Example: Scan only the last 3 days of partitions

source:
  type: "landing"
  path: "s3://landing/events/"
  partition:
    format: "y_%Y/m_%m/d_%d"      # → events/y_2026/m_03/d_22/*.json
    lookback_days: 3               # Scan last 3 days (default: 1)
    # start_date: "2026-01-01"     # For explicit backfills
    # end_date: "2026-03-22"
    # file_pattern: "*.json"       # Auto-derived from source.format

Supported format patterns:

Pattern Directory Structure
y_%Y/m_%m/d_%d events/y_2026/m_03/d_22/*.json
date=%Y%m%d events/date=20260322/*.json
%Y/%m/%d events/2026/03/22/*.json
year=%Y/month=%m events/year=2026/month=03/*.json
dt=%Y-%m-%d/%H events/dt=2026-03-22/17/*.json (hourly)

Table-Based Ingestion

For reading from an existing catalog table (e.g., a Bronze table feeding Silver).

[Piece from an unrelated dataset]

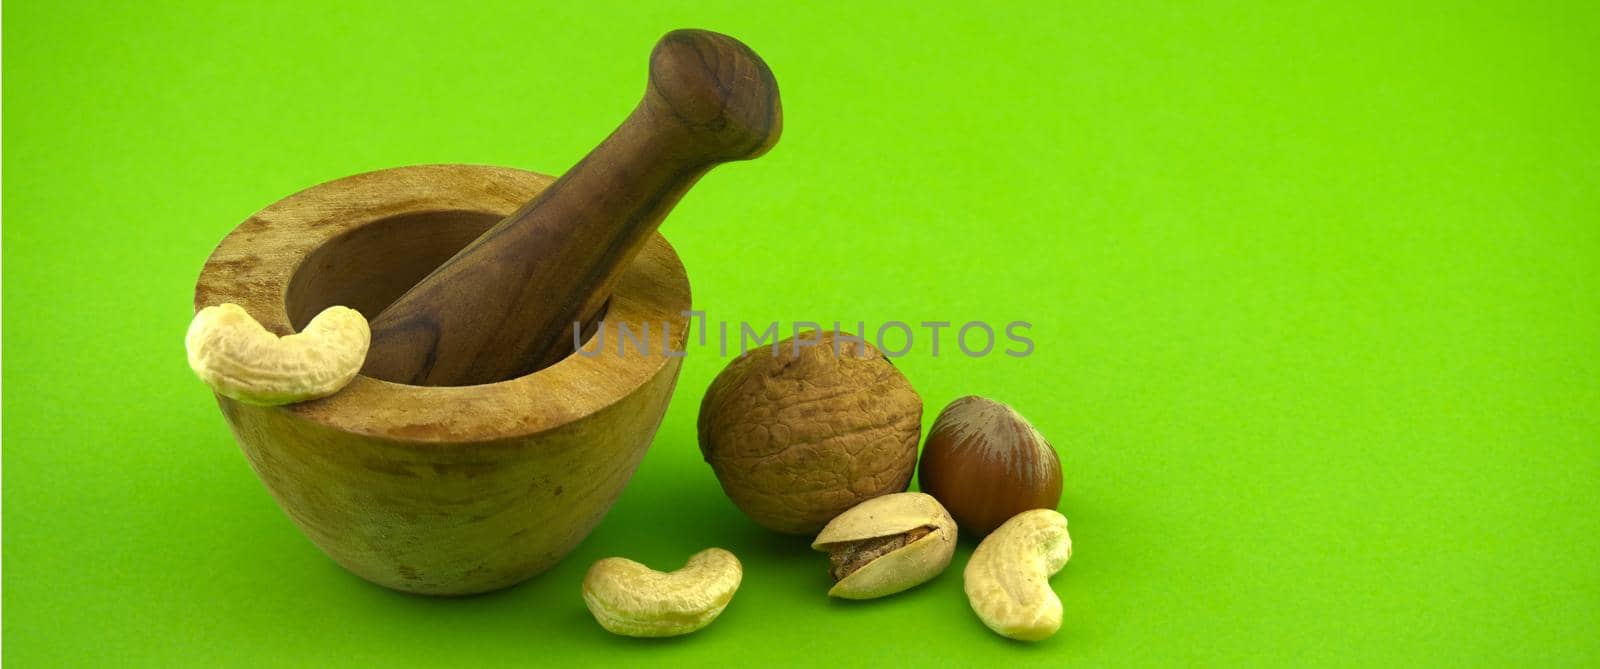 Wooden rustic-style mortar and pestle and various nuts over green background with free space for text. Spices and herb grinder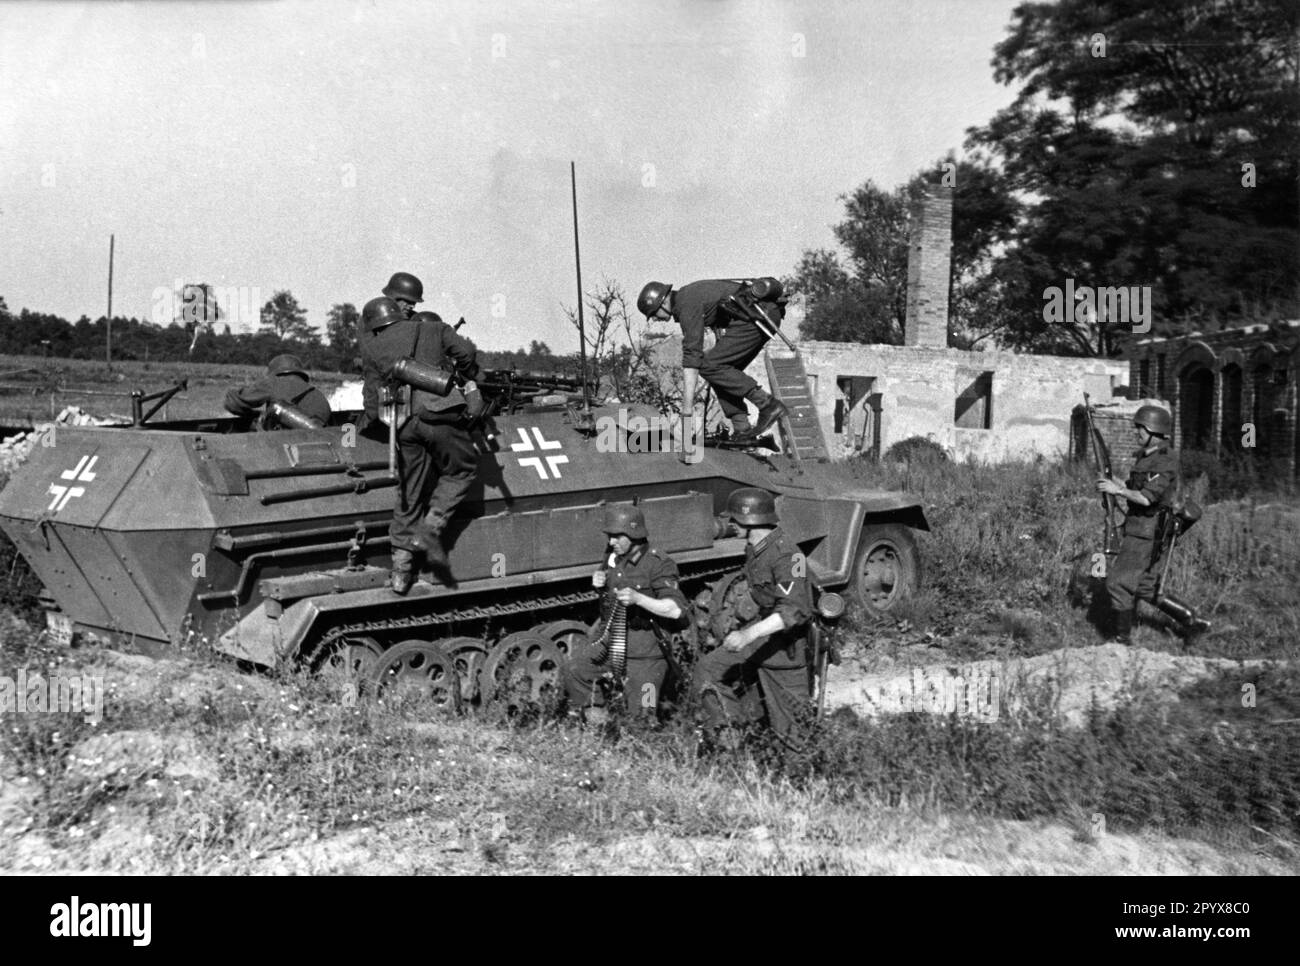 Wehrmacht infantry fighting vehicle during a demonstration, presumably at a military training area in Germany. Infantrymen are sitting down. Photo: Schwahn [automated translation] Stock Photo

Example: Read from a Bronze Unity Catalog table

source:
  type: "table"
  path: "{domain_catalog}.{bronze_layer}_{system}_events"
  load_mode: "incremental"
  watermark_strategy: "pipeline_log"

CDC (Change Data Capture)

For source systems that provide insert/update/delete operation flags (e.g., Debezium, Oracle GoldenGate).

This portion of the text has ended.